Start of Block

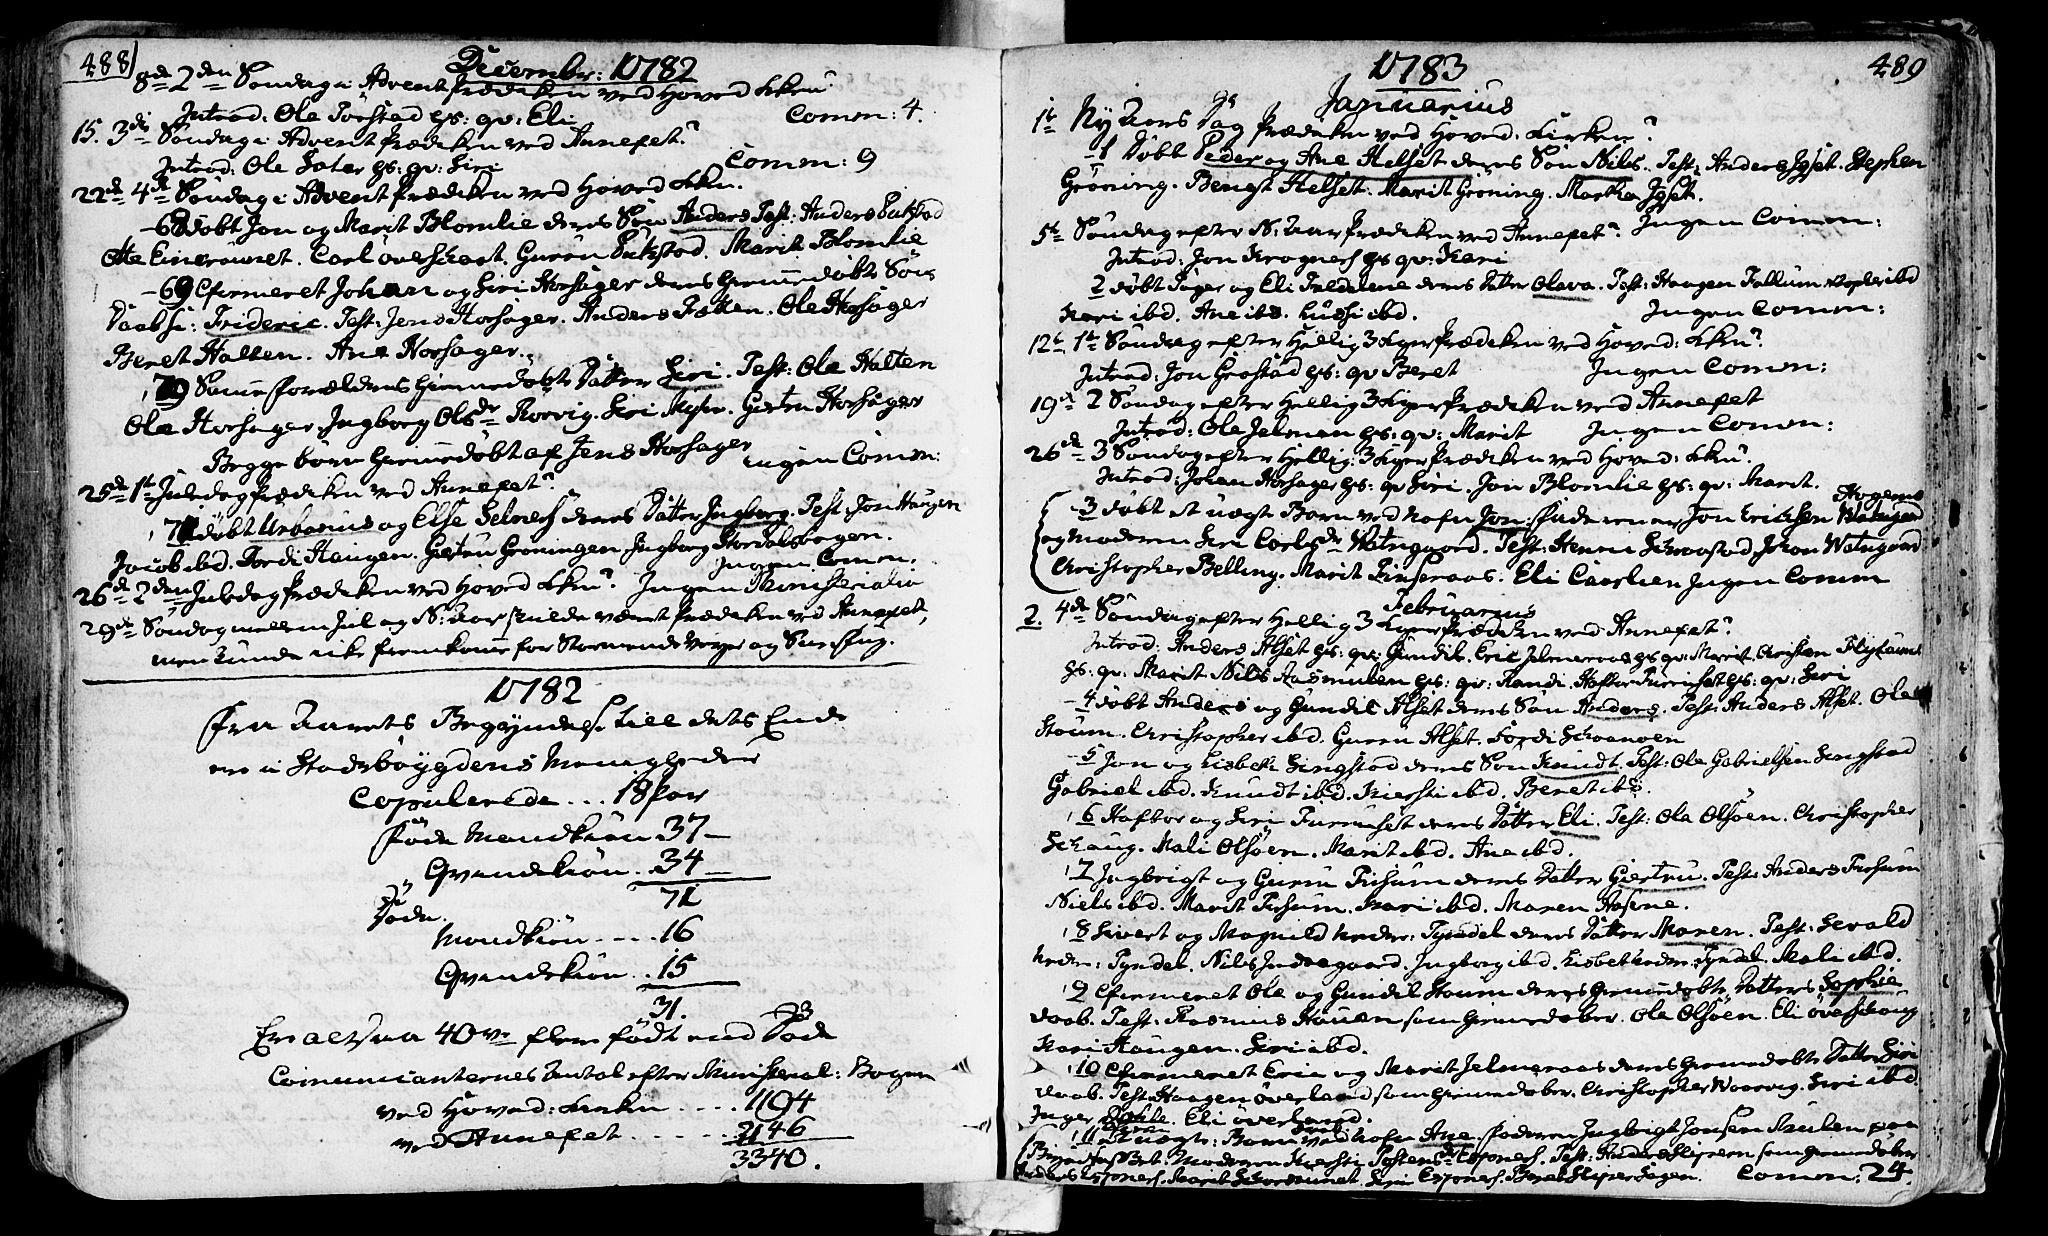 SAT, Ministerialprotokoller, klokkerbøker og fødselsregistre - Sør-Trøndelag, 646/L0605: Ministerialbok nr. 646A03, 1751-1790, s. 488-489
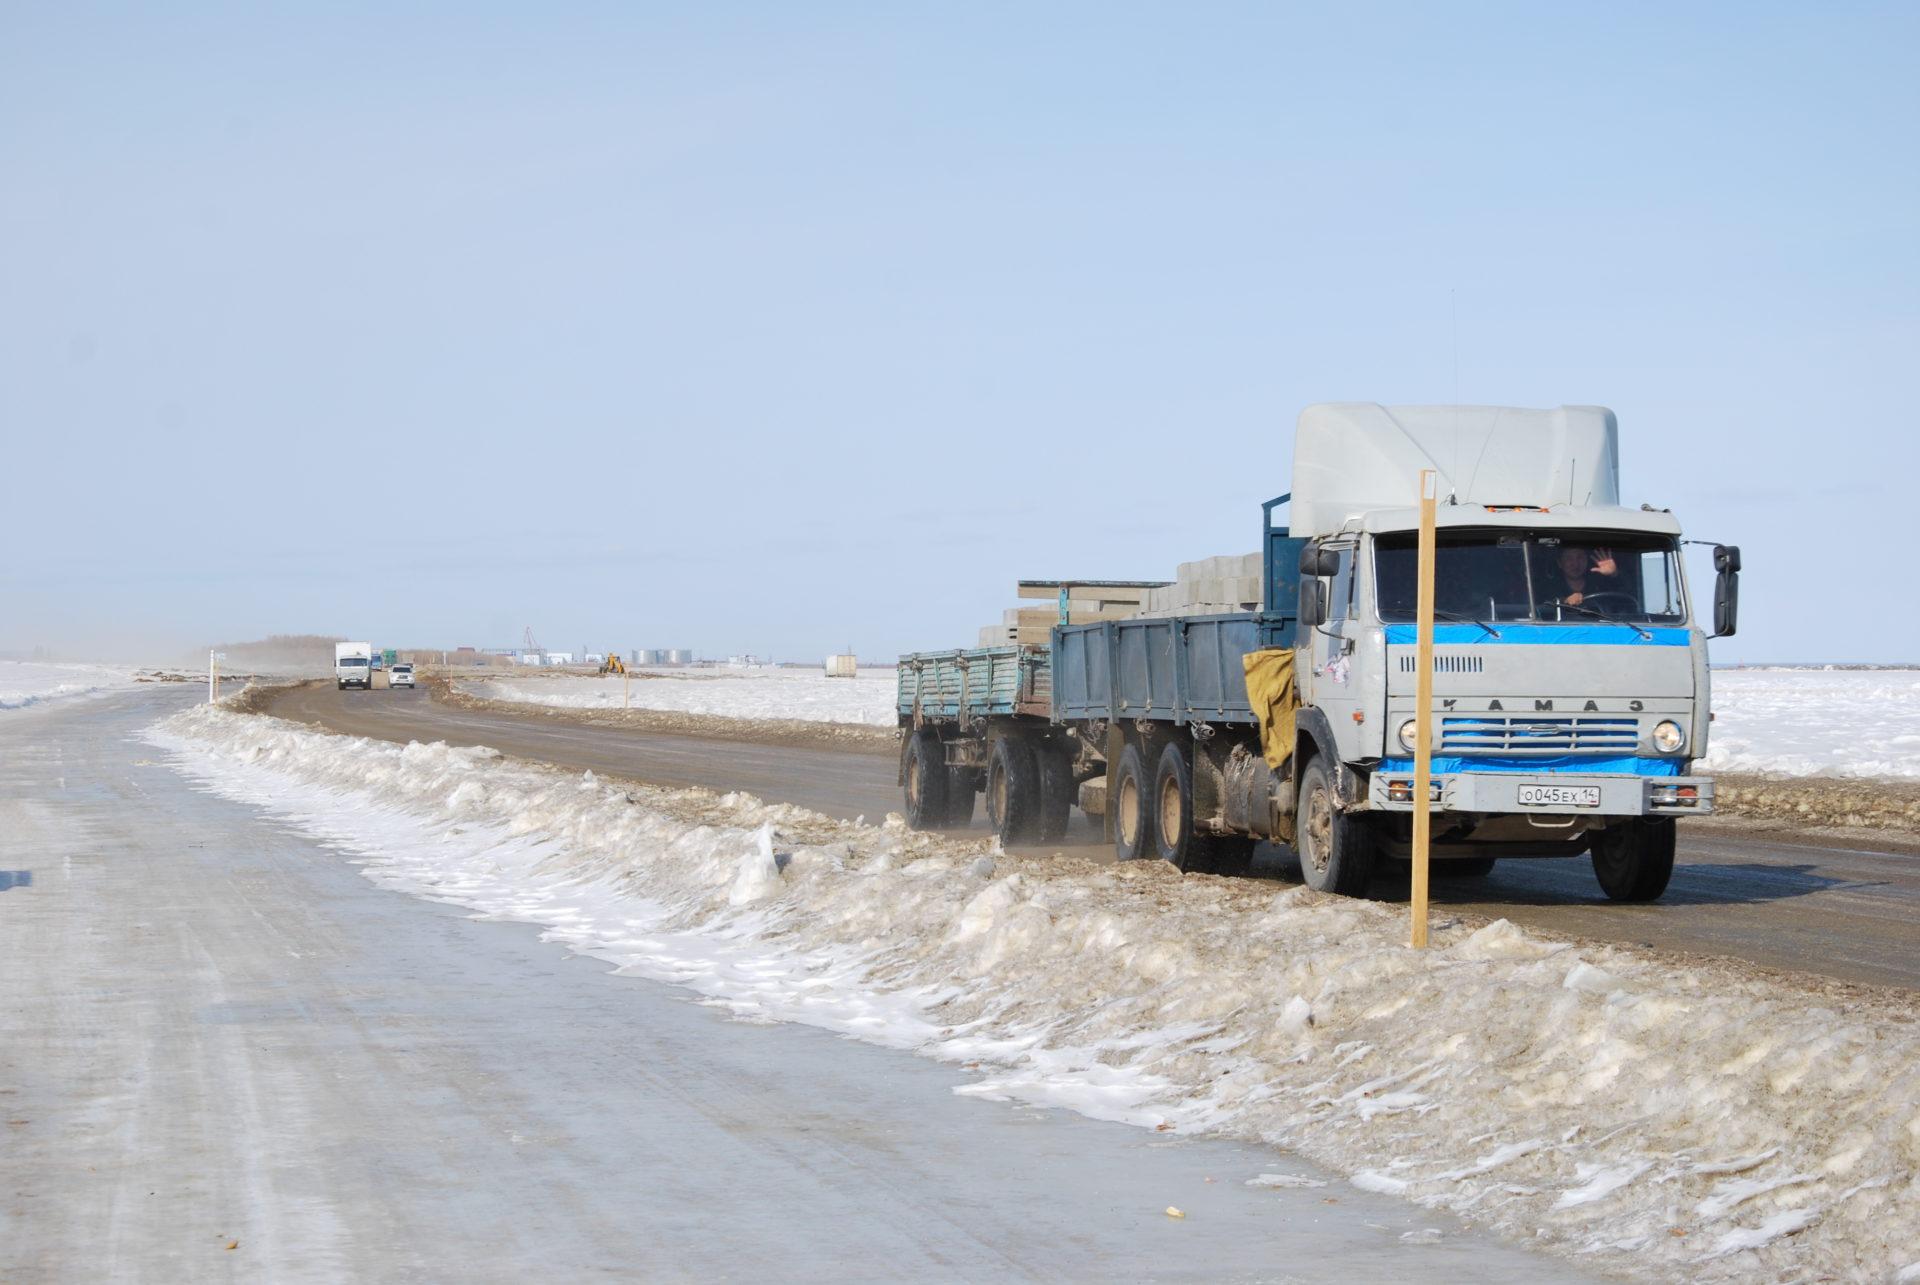 Досрочно открыто движение по ледовому автозимнику через р. Лена «Якутск-Нижний Бестях»
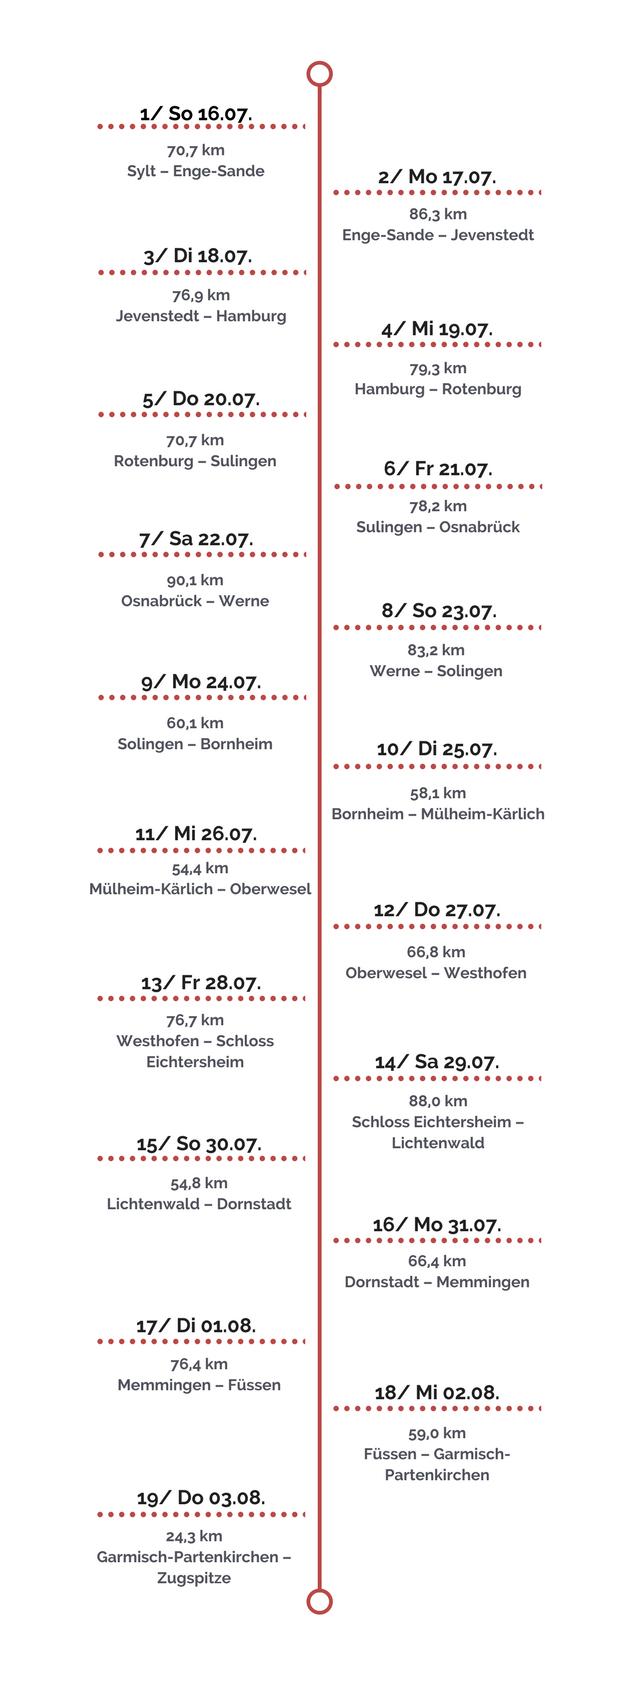 Die Etappen des Deutschlandlaufs 2017
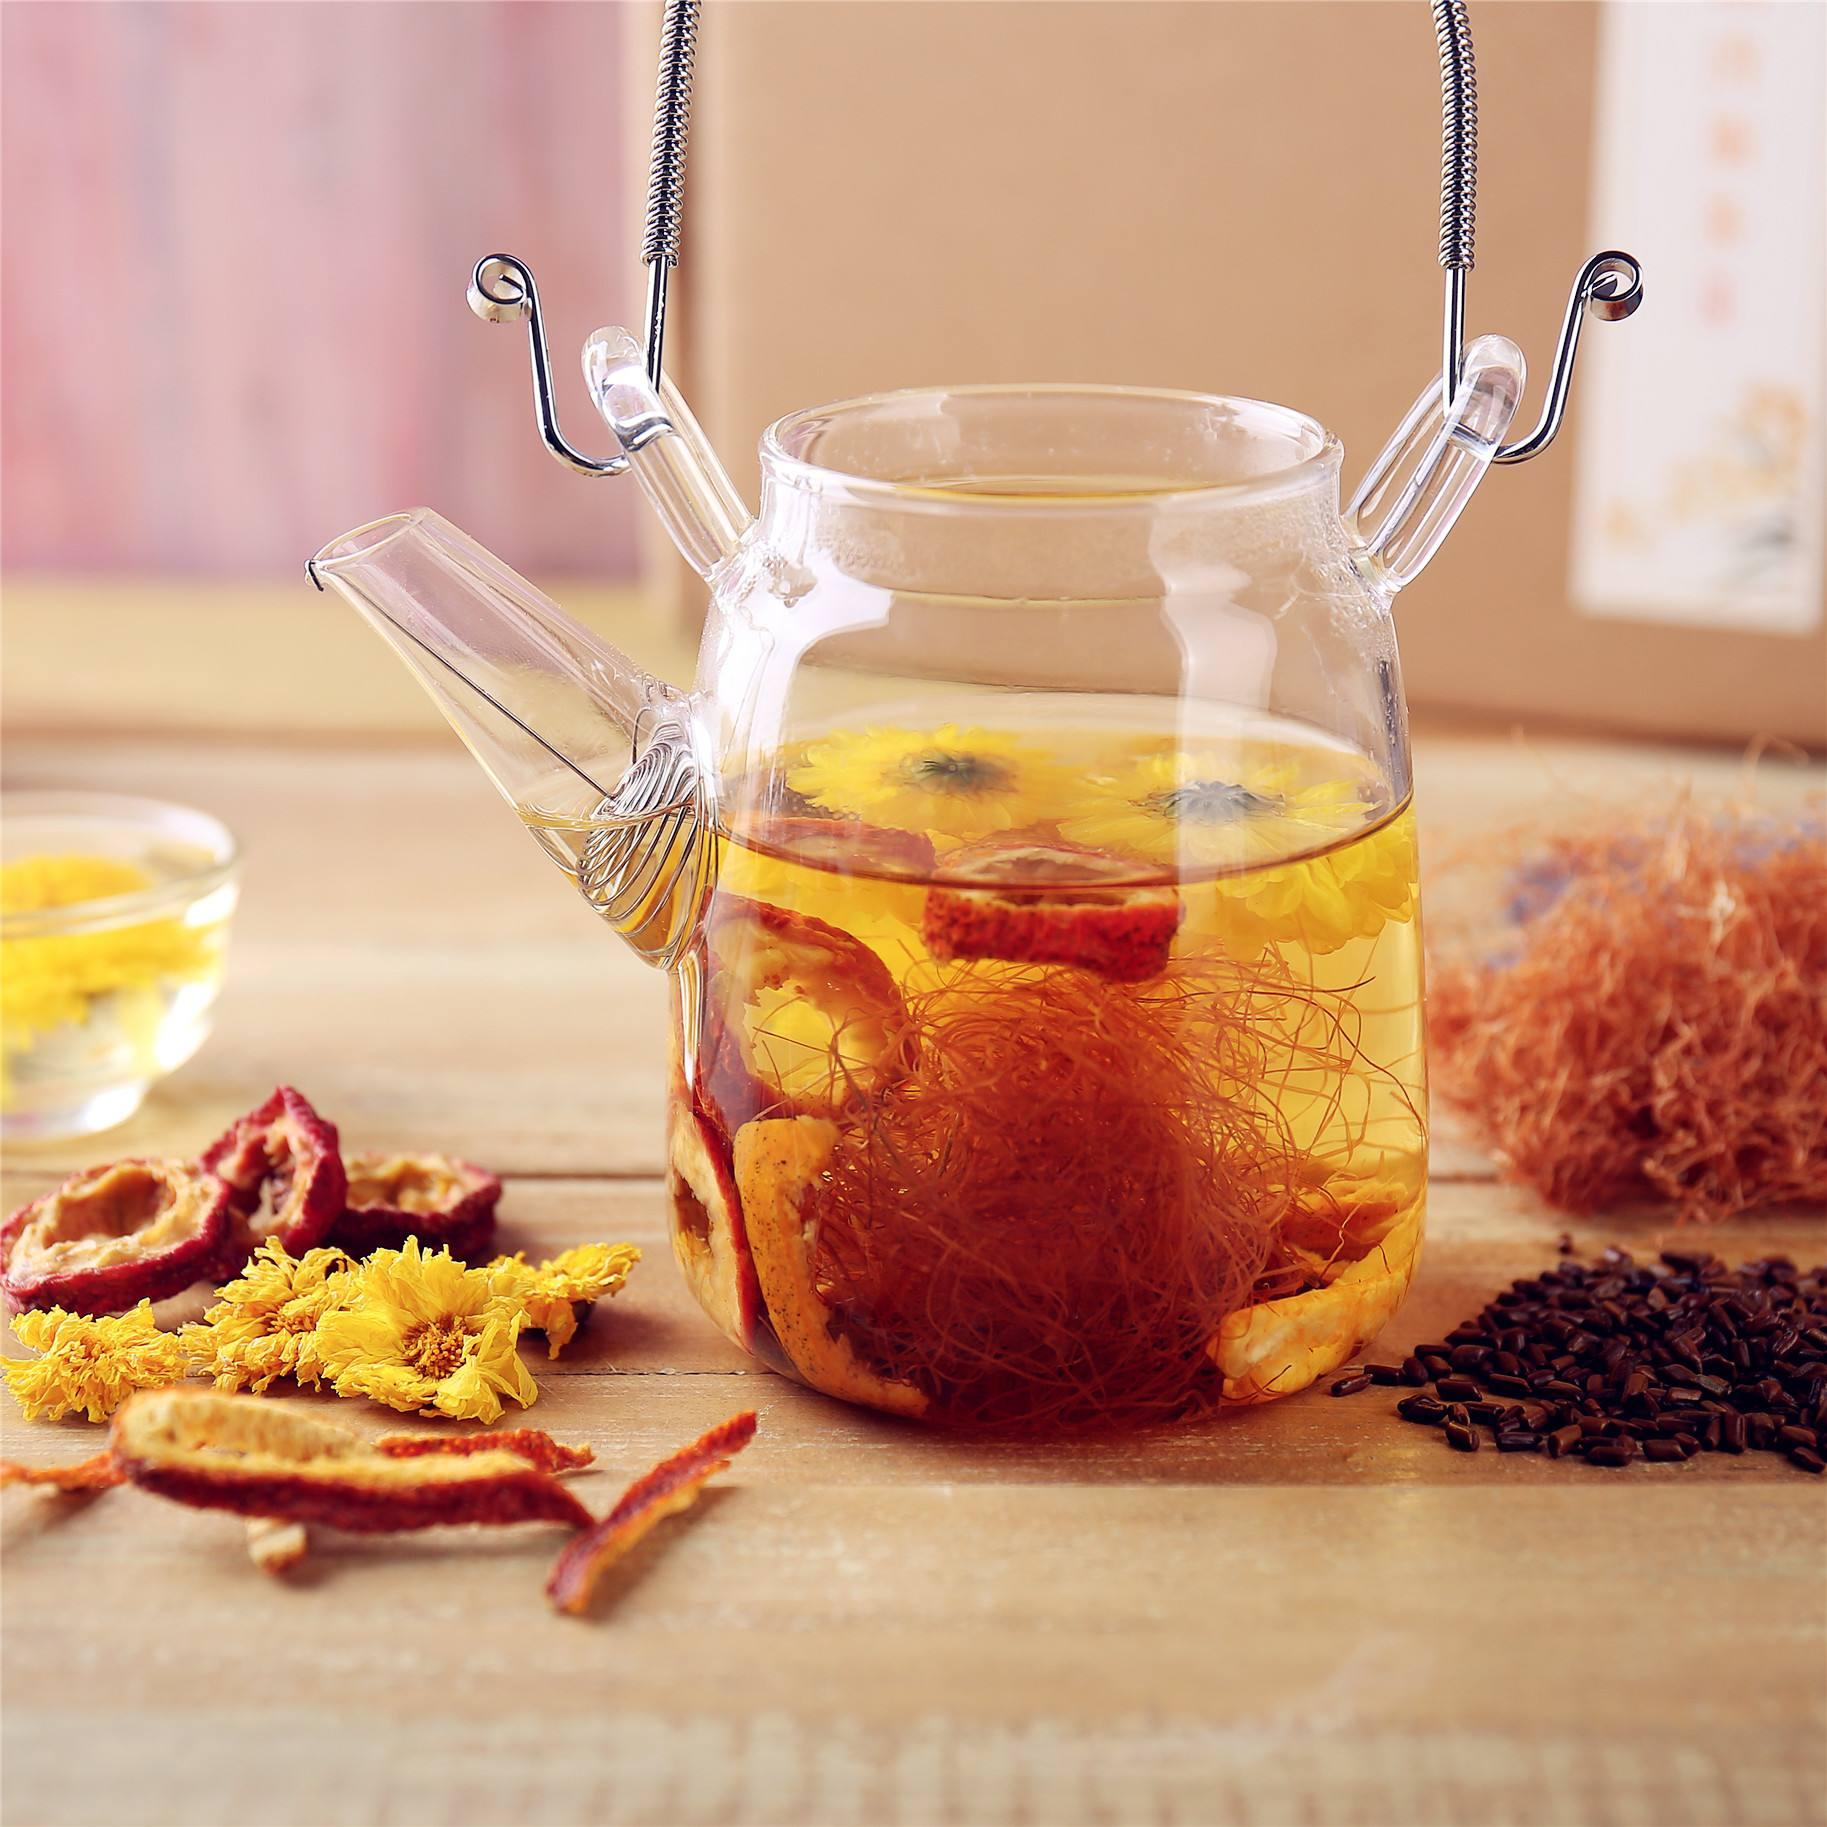 陈皮、柑普茶和陈皮普洱茶之间的区别在哪里

End of Block

Only the text of the material belongs in your copy, which must match the original exactly.

Task response –
 SAT, Ministerialprotokoller, klokkerbøker og fødselsregistre - Sør-Trøndelag, 646/L0605: Ministerialbok nr. 646A03, 1751-1790, s. 488-489
 Досрочно открыто движение по ледовому автозимнику через р. Лена «Якутск-Нижний Бестях»
 Die Etappen des Deutschlandlaufs 2017
 陈皮、柑普茶和陈皮普洱茶之间的区别在哪里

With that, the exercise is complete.